Audio is presented in 5.1 DTS and handles the difficult task of maintaining sound levels through the commentary scenes admirably well. There are some small audio inconsistencies, most prominent of which is the transition from the menu to an episode, but overall it’s a nice transfer in regards to both categories.

Special Features

The back cover lists the special features as the “2011 San Diego Comic-Con Panel” and “Beavis & Butthead Interruptions”, followed by a proudly stated “And More!”... Unfortunately that exclamation point is misleading, as the “And More!” adds up to a single 17 second clip. Woo-Hoo, be still my beating heart. This shall be the last time you deceive me, Exclamation Point.

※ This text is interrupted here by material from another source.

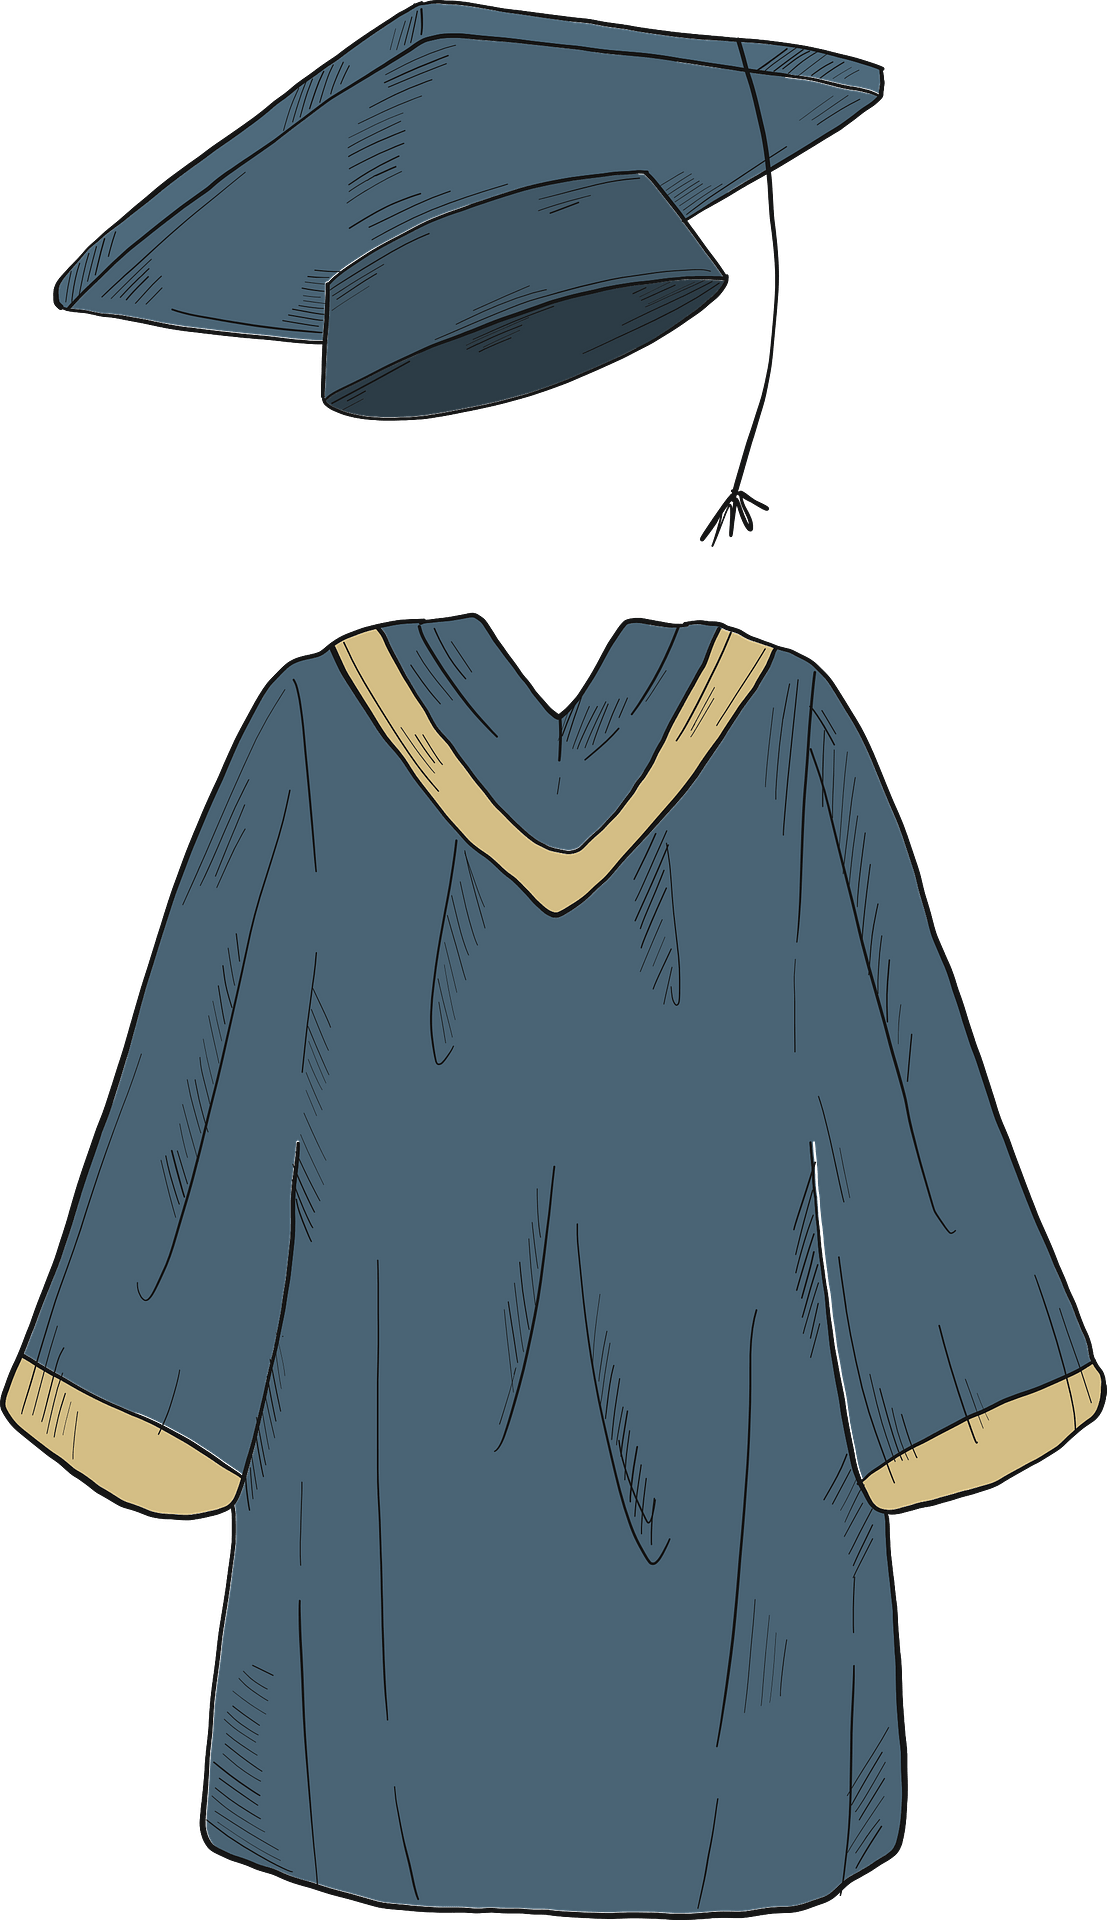 A woman in a graduation gown and cap · Free Stock Photo

The Comic-Con footage is basically a Q & A session moderated by Johnny Knoxville of “Jackass” fame. He and Judge discuss the inception of the show and field some questions from fans, including Cornholio himself; this is entertaining enough but most of the anecdotes will be familiar to long-time fans.

“Beavis and Butthead Interruptions” are short promotional clips of the dim witted duo overdubbing scenes of the Jersey Shore cast on the phone. Lastly we have the aforementioned “And More!”, a short clip of Butthead telling cinema patrons to turn off their phones.

List of features:

2011 San Diego Comic-Con Panel (19:17)

Beavis & Butt-Head Interruptions (4:57)

Silence Your Cell Phone (0:17)

Final Thoughts

Another seemingly unlikely resurrection for a cult classic (After this and Red Dwarf, I can only hope that the third time’s the charm with Arrested Development) Beavis and Butthead Volume 4 is, despite the light extras, an essential purchase for fans of the eponymous duo. Mike Judge’s absence from the world of Beavis and Butthead is not at all noticeable and it feels like barely any time has elapsed between episodes, retaining the unique voice that made the series such a massive hit the first time around.

Their sardonic commentary a perfect panacea to the consumerist obsessed, Reality TV devouring vapid programming that makes up 90% of MTV’s current programming line up, Beavis and Butthead are a welcome return to our screens and are just as cuttingly hilarious as you remember. Now go and buy the DVD, Dumbass.